AIUといえば1年間の海外留学が必須、授業は全て英語&少人数で行われるなど、今や日本のグローバル大学を象徴する大学の1つとしてすっかり認知されるようになった注目大学。ユニークで個性的なカリキュラムも人気の要因です。今回は、2020年度入試における変更点を中心に、7月初旬に出たばかりの最新入試制度をお伝えします。

国際教養大学の特徴

国際教養大学(AIU)は、独自の教学理念「国際教養(International Liberal Arts)」を掲げ、「豊かな教養」「グローバルな知識」そして「卓越した外国語の運用能力」を身に付けた、世界を舞台に活躍できる真のグローバル人材を養成することを目標に、2004年に秋田市に創立された公立大学。学部は国際教養学部のみで、グローバル・ビジネス課程とグローバル・スタディズ課程の2つの専門教養教育課程があります。1学年の入学定員は175名、全学生数は約870名程度の小規模の大学ですが、多様な人材を全国・全世界から集め、世界を見据えたグローバルな方針により、世界で活躍できるタフで幅広い視野を持った人材を育む教育が行われています。
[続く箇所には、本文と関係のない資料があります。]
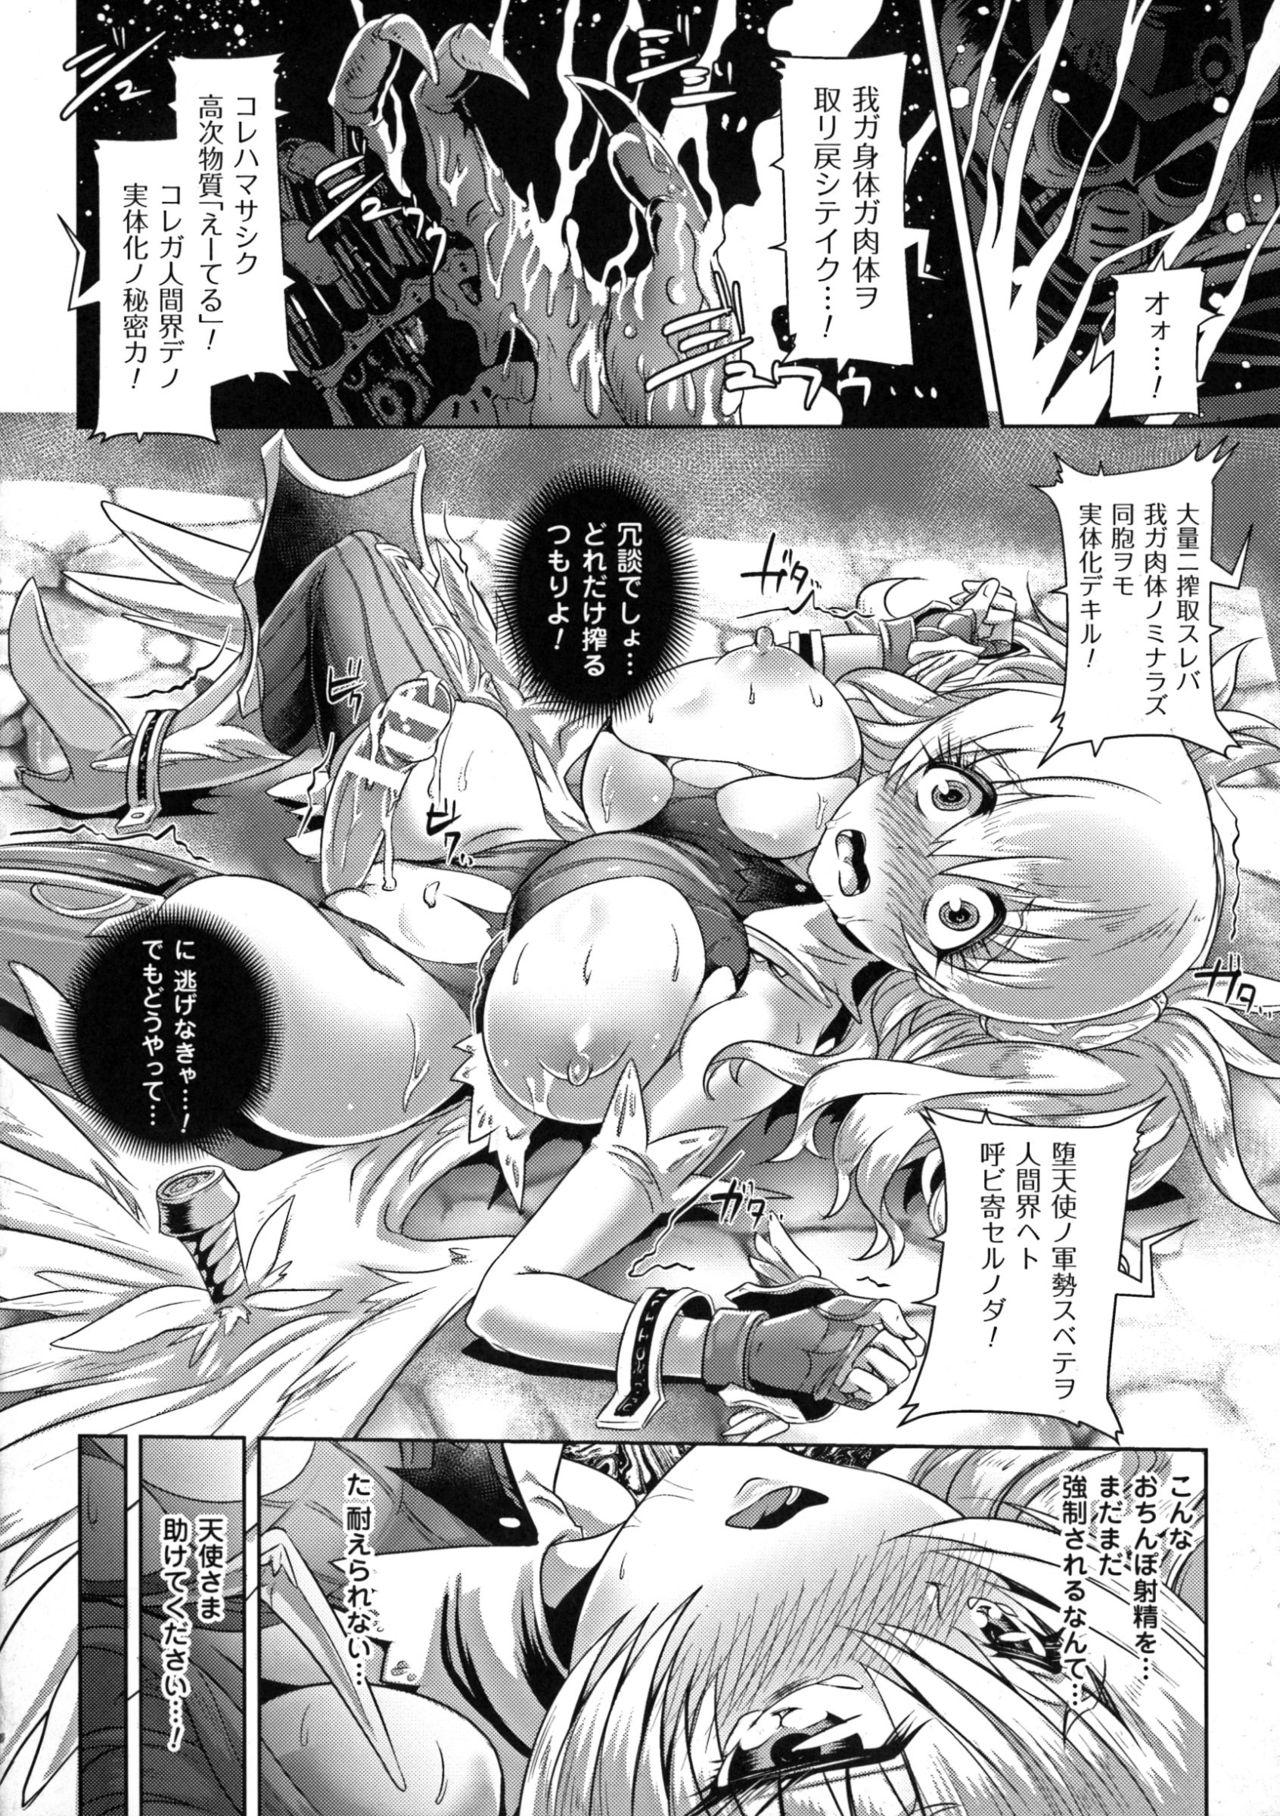 Seigi no Heroine Kangoku File DX vol. 5 169

同大学の最大の特徴の1つが、「すべての授業を英語で開講している」こと。授業は1クラスあたり平均18名程度の受講者が基本で、徹底した少人数教育を実践しています。全教員における外国人教員の割合は51%、8割以上の学生が居住するキャンパス内の留学生の割合は20%と、国際色豊かな学習環境が整っているのも大きな特色です。30カ国・地域からの150名を超える留学生と共に、授業はもちろん、寮や学生宿舎での生活や様々な活動を楽しめるキャンパスは、まさに多文化共生空間といえます。
また、学生には全員、1年間の海外留学が義務付けられています。海外の50カ国・地域に広がる195の提携大学との交換留学が基本となるため、一部の大学を除き、授業料は相互免除(同大学の授業料のみを納める。住居費、食費、渡航費、保険料、危機管理サービス料等は学生負担)。1つの大学に派遣されるのは1人~3人程度の少人数で、単なる語学の修得ではなく、留学先の大学で専門課程を学び、単位を修得します。留学中の取得単位は、同大学の卒業単位として認定されるため、留学期間を含めても4年間で卒業することが可能です。
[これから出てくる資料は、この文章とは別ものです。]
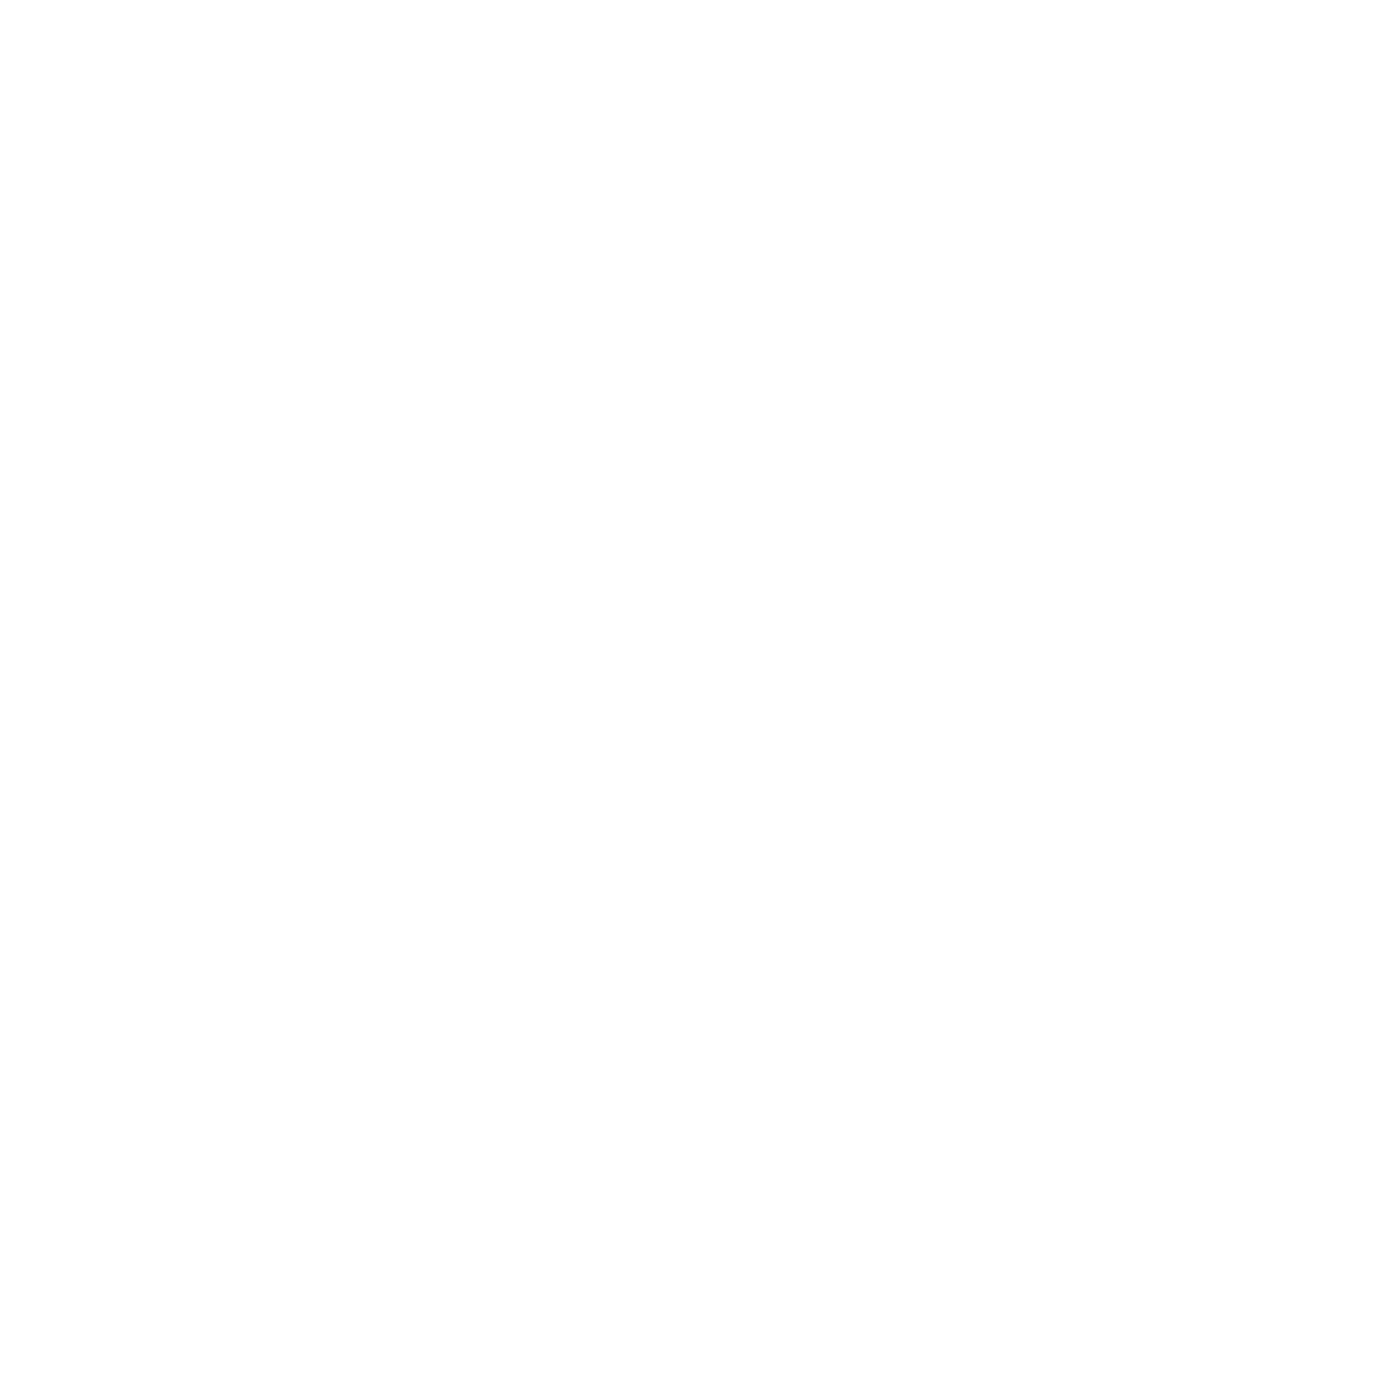 wm55 - HacksawGaming

カリキュラムで特徴的なのは、入学すると最初に行われる英語集中プログラム(EAP)。学術的な英語力を測るテスト(TOEFL ITP®TEST)の結果を受けてレベル分けされたクラスで、「英語で学ぶ」ためのアカデミック・イングリッシュを学びます。EAPの修了後は、基盤教育(BE)と呼ばれる独自カリキュラムに進みます。文理の枠を超えた幅広い分野の学問に取り組むことにより、知識や教養深め、視野を広げ、専門教養教育課程で専門性を確立していくのに必要な“知的土台”を築きます。

2019年→2020年入試のおもな変更点

国際教養大学では、入試改革の一環として2020年度入試(2020年4月・9月入学)より、入試制度の一部が下記のように変更されます。

2020年度入試(2020年4月・9月入学)より変更されるポイント

◇グローバル・ワークショップ入試の新設

グローバル・ワークショップに参加した高校生を対象としたグローバル・ワークショップ入試が新設されます。

◇帰国生入試の廃止(※)

◇AO・IB・高校留学生入試の出願要件の変更(※)

※帰国生入試は廃止されますが、2019年度までの帰国生入試の出願資格や出願要件を満たす場合は、AO・IB・高校留学生入試ⅠおよびⅡの出願資格や出願要件を追加することにより、同試験に出願することが可能

◇入試形態別定員の変更

<一般選抜>

A日程の定員が15名増加。B、C日程は定員が10名ずつ減少。

入試 A日程 B日程 C日程 合計
現行 40 50 15 105
変更 55 40 100

<特別選抜>

AO・IB・高校留学生入試、ギャップイヤー入試は5名ずつ減少。グローバル・イヤーは5名増、高校推薦が15名と大幅増。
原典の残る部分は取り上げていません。